**Work request**
Restate the listing word for word; omit the images.

**Data excerpt**
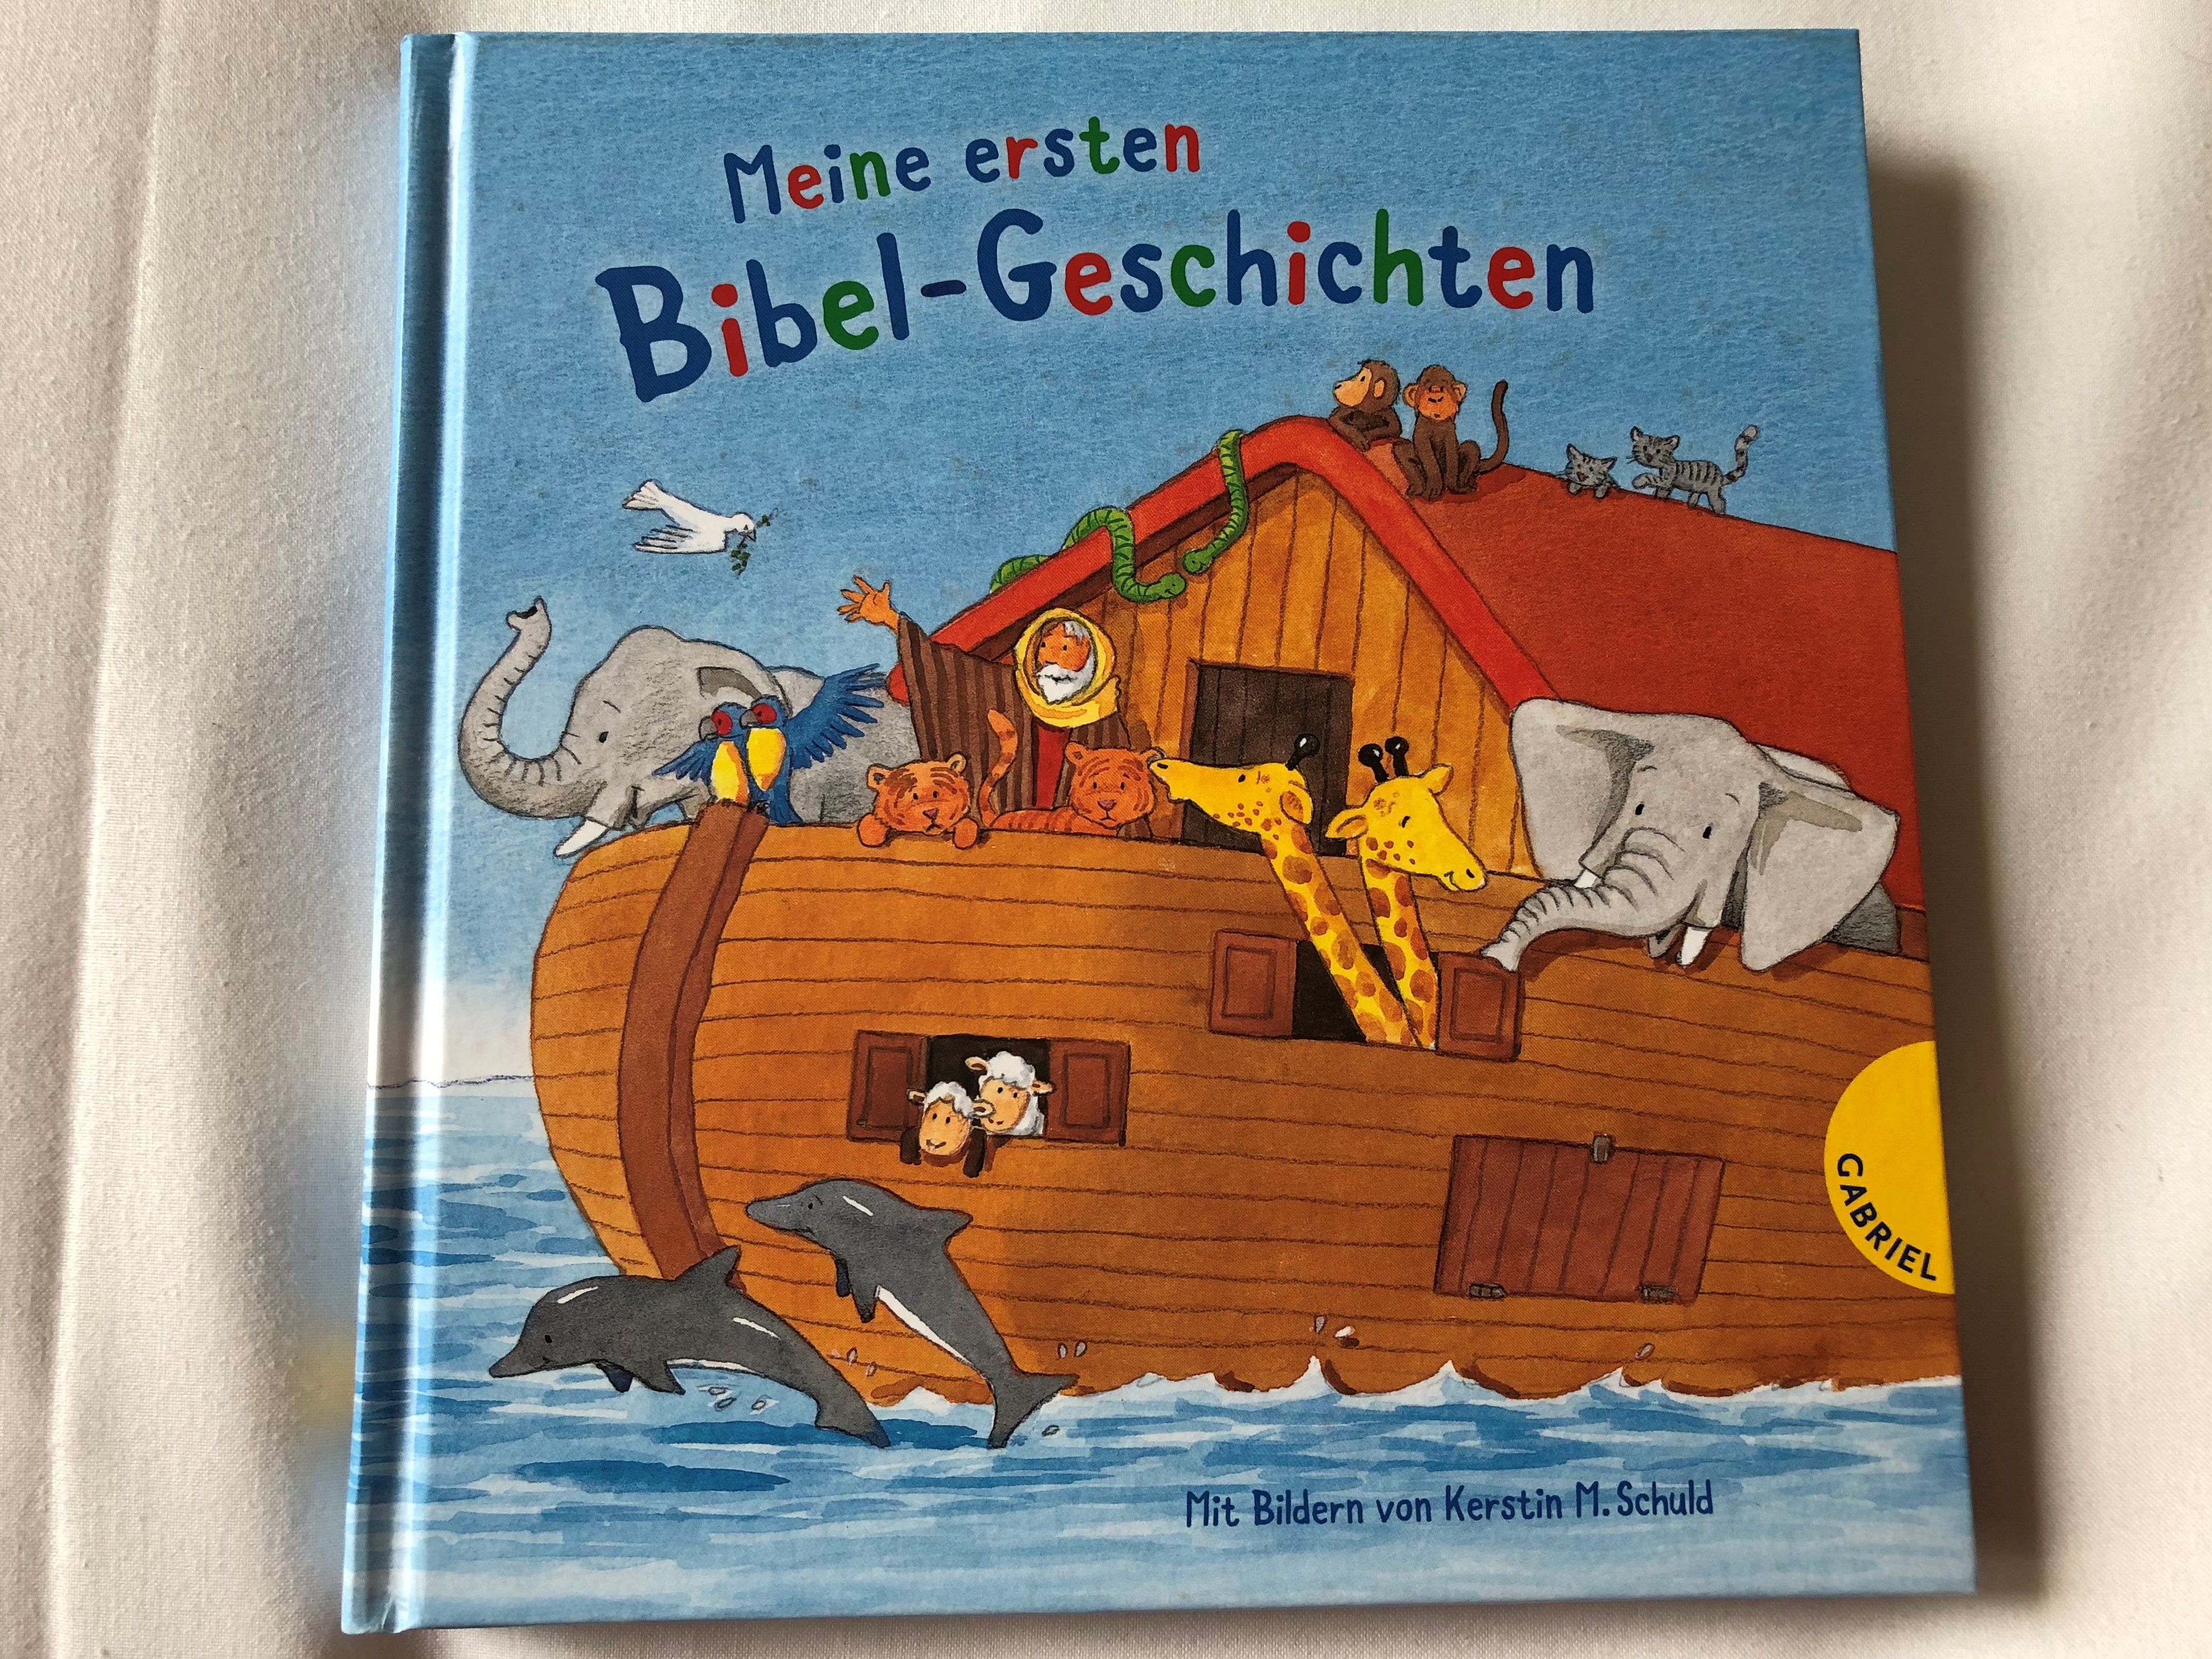 meine-ersten-bibel-geschichten-by-d-rte-beutler-kerstin-m.-schuld-my-first-bible-story-in-german-language-4th-edition-full-color-pages-hardcover-gabriel-verlag-2018-1-.jpg
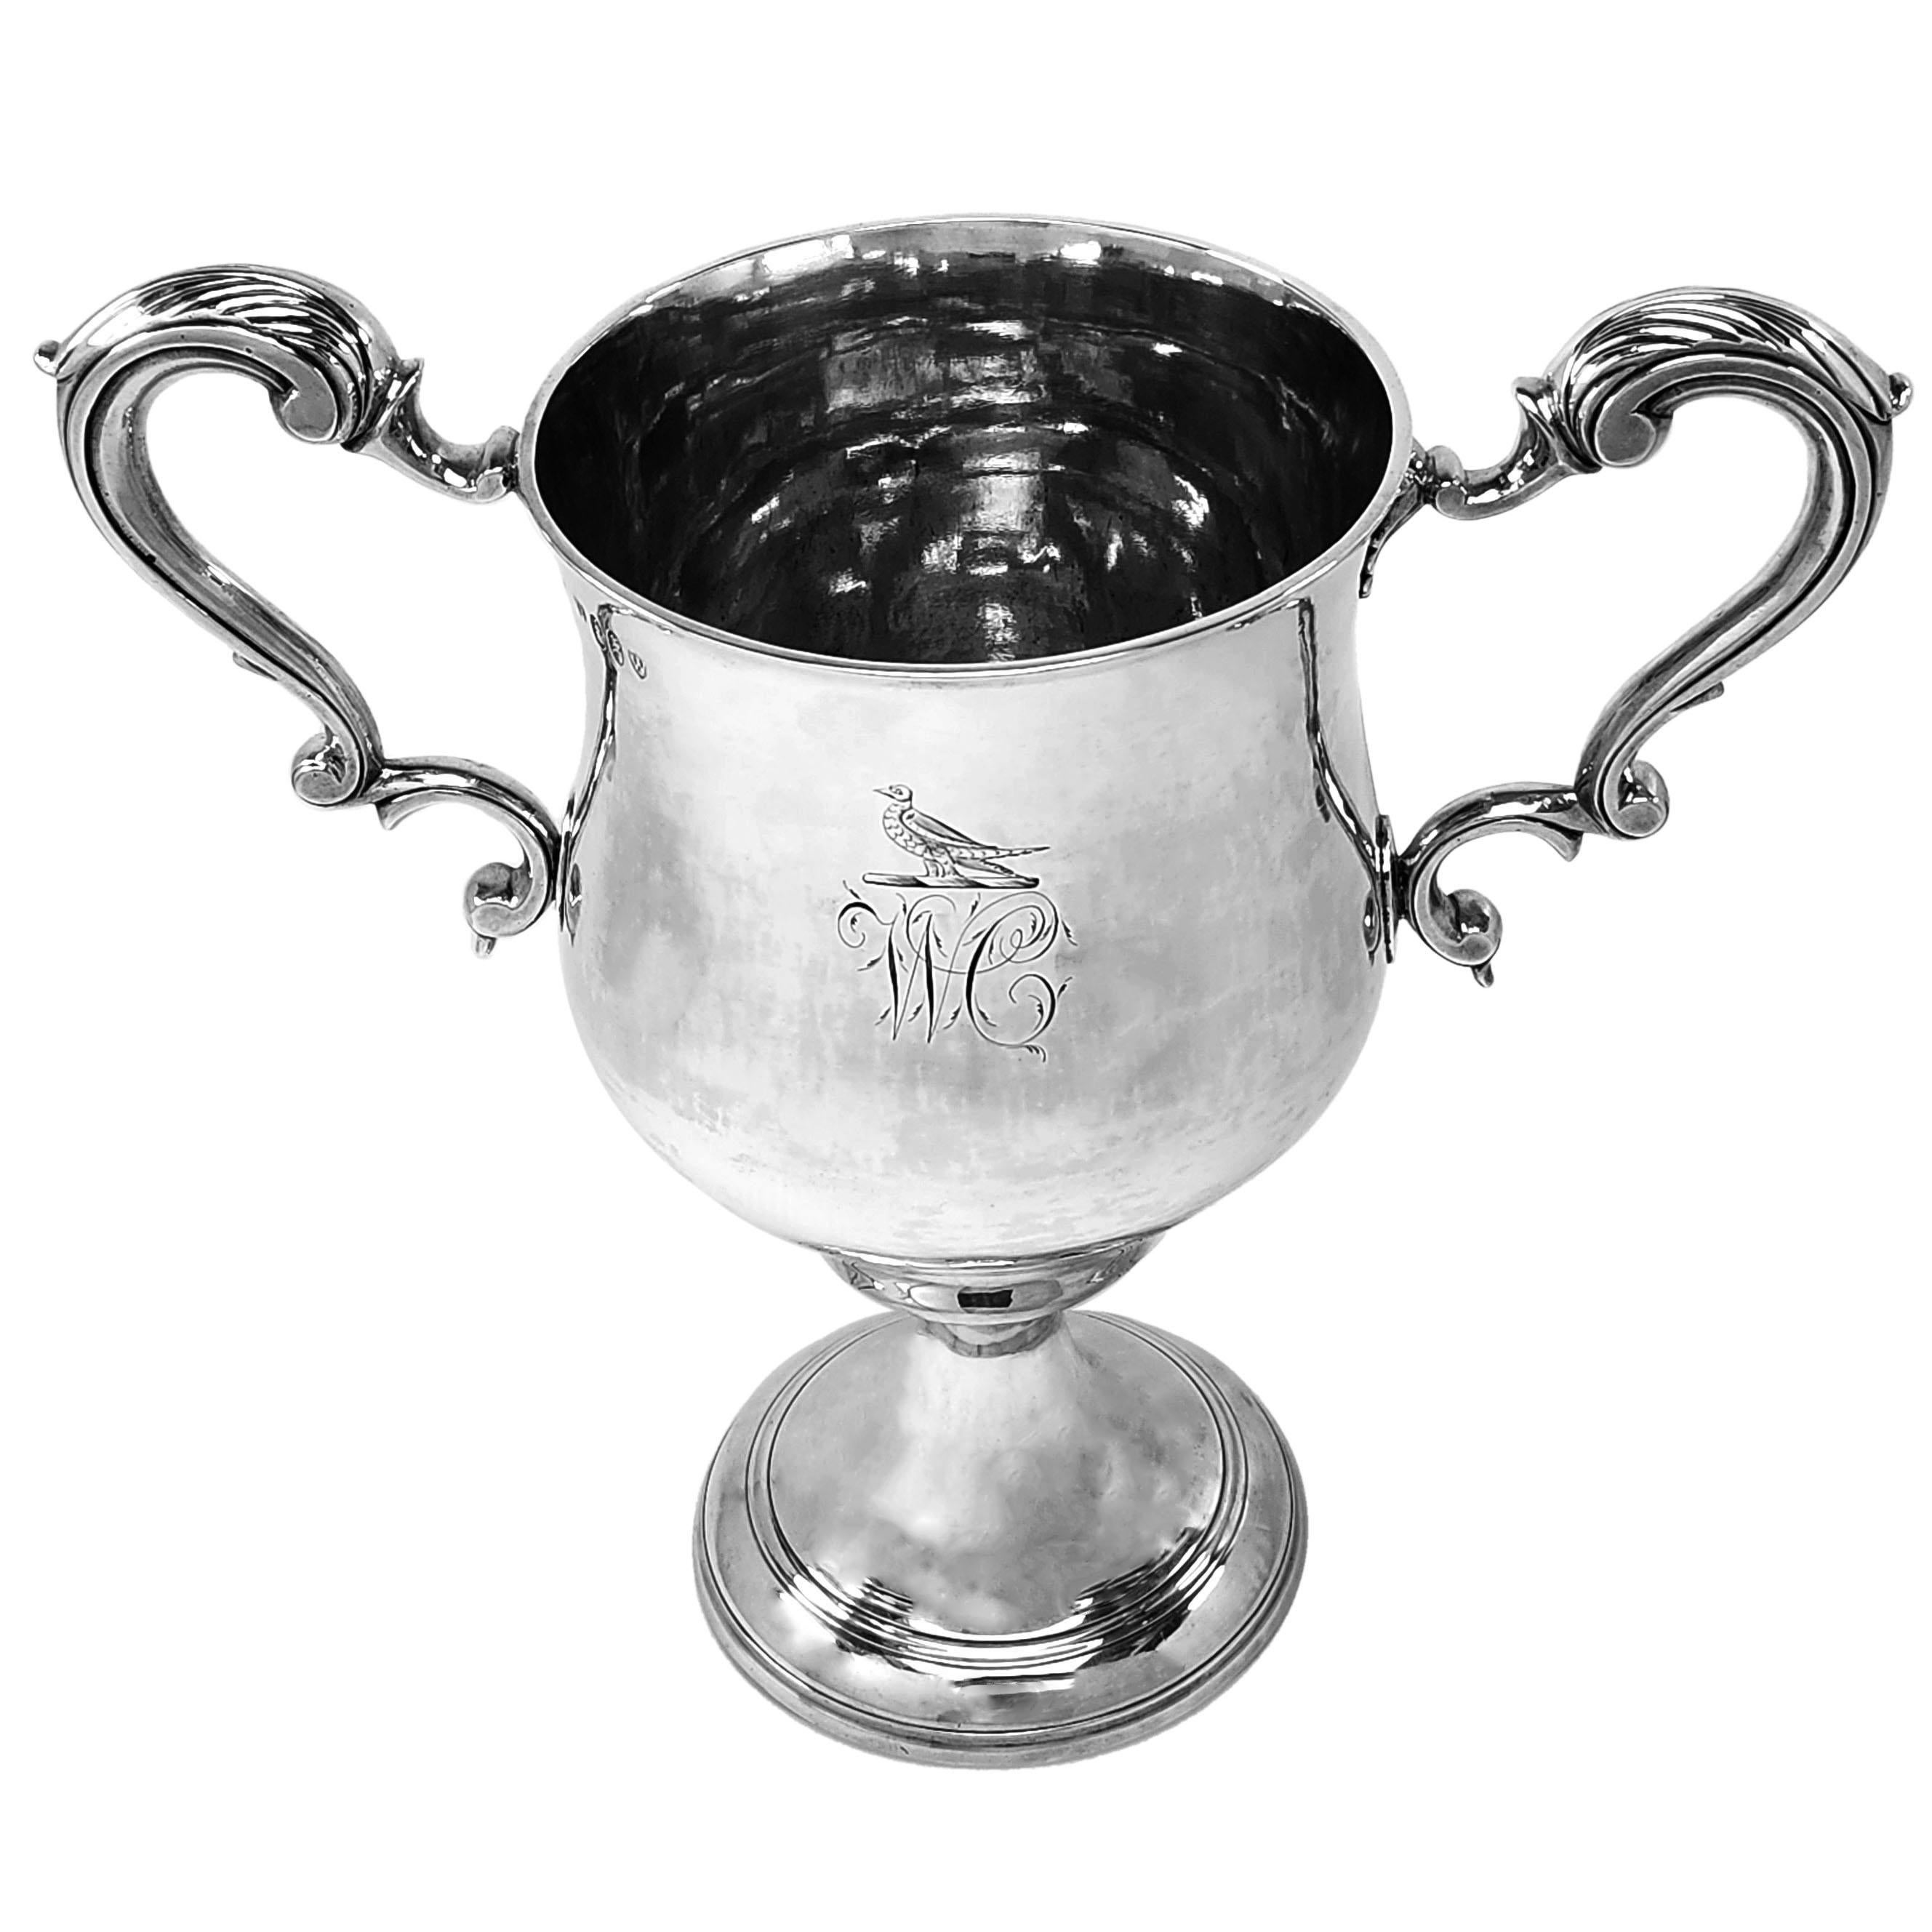 Eine elegante antike irische George III Silber Zwei Handle Cup. Der Pokal zeigt auf der einen Seite ein eingraviertes Wappen und auf der anderen Seite ein Monogramm. Der Becher hat ein Paar mit Akanthusblättern verzierte Griffe.

1769 in Dublin,

**Your solution**
 meine-ersten-bibel-geschichten-by-d-rte-beutler-kerstin-m.-schuld-my-first-bible-story-in-german-language-4th-edition-full-color-pages-hardcover-gabriel-verlag-2018-1-.jpg
 Eine elegante antike irische George III Silber Zwei Handle Cup. Der Pokal zeigt auf der einen Seite ein eingraviertes Wappen und auf der anderen Seite ein Monogramm. Der Becher hat ein Paar mit Akanthusblättern verzierte Griffe.

1769 in Dublin,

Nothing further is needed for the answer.